Nifty 50 may breach current all-time highs and hit 17,200 points in the coming months, while, Bank Nifty may reach 37,700 points.
Nifty 50 may breach current all-time highs and hit 17,200 points in the coming months, according to domestic brokerage and research firm ICICI Direct. Meanwhile, Bank Nifty may reach 37,700 points, the brokerage firm said, adding that there has been a healthy base formation on the banking index. However, temporary breathers have not been ruled out. “Temporary breather after ~8% rally over past four weeks would present incremental buying opportunity to build a quality portfolio from a medium-term perspective,” ICICI Direct said in a report. Nifty reached an all-time high of 16,712 earlier this week.
Buy any dip, Nifty may scale 17,200
“The formation of higher peak and trough signifies the continuance of positive bias,” analysts at ICICI Direct said. The firm believes Nifty 50 could move towards 17,000-17,200 in the coming months as it is the price parity of the past two rallies seen during this year. Since January 2021, Nifty has seen 1,800-points rally twice. In the current scenario, Nifty would complete 1,800 points at 17,200 projected from June low of 15,450. To attain the said levels, a buy on dip strategy has been advised.
On the downside, ICICI Direct does not expect the index to drop below 15,900, which is the earlier breakout area. 50 days EMA is also placed at 15,900.
The banking index has remained range-bound for quite a while now, thus forming a base for the next leg of up move. “We expect the index after the recent healthy base formation to break out above the upper band of the range (36,300) and head towards 37,700 levels in the coming month as it is the confluence of the measuring implication of the recent range (36,300-34,800) and the previous all-time high of February 2021,” analysts said.

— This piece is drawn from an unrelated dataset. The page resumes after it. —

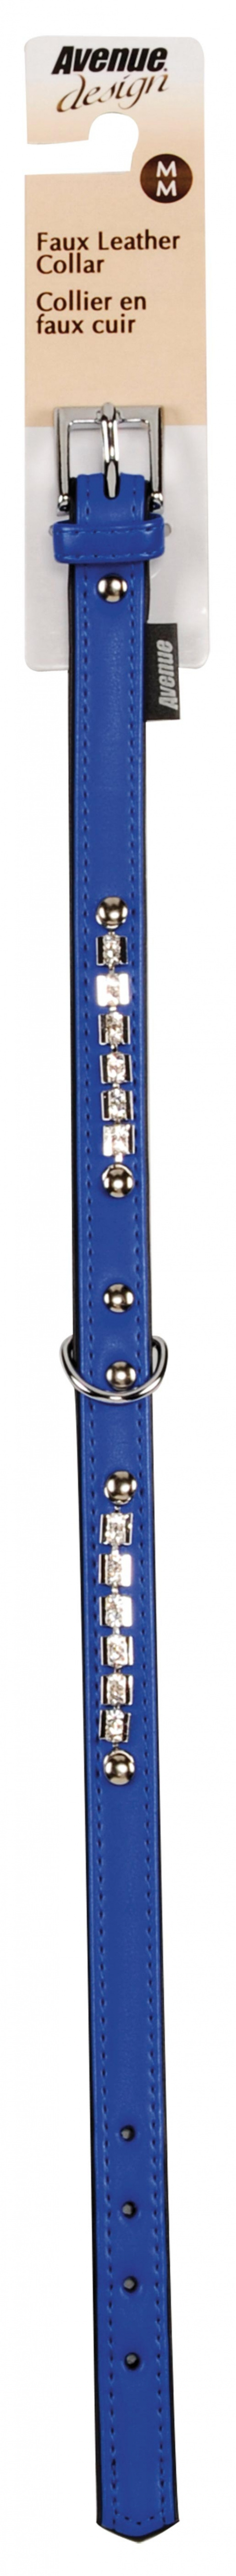 Obojek AVENUE Viva modrý M 42cm

On the downside, Bank Nifty is not expected to breach strong support of 34,500. “Buying the declines strategy has worked well over past 15 months. Hence, the current breather would offer incremental buying opportunity in quality banking stocks,” ICICI Direct said.
What to buy?
While Sensex and Nifty scaled fresh highs this week, the midcap and smallcap indices have been correcting. The fall in the broader markets comes after months of outperformance. Keeping this in mind, analysts at ICICI Direct believe that now large-caps will outperform while broader markets undergo higher base formation.
Charts suggest that the IT sector may continue its positive momentum, sitting in the outperform quadrant. TCS, Tech Mahindra, HCL Tech, and Mindtree are seen as potential outperformers while Reliance, Cyient, and Teamlease are pegged as bargain buys by ICICI Direct.
FMCG sector is also placed in the outperform quadrant and is expected to continue moving higher. On the other hand, the Banking sector is now offering favourable risk-reward after having consolidated in the previous month. Axis Bank and Canara Bank are seen to be bargain buys.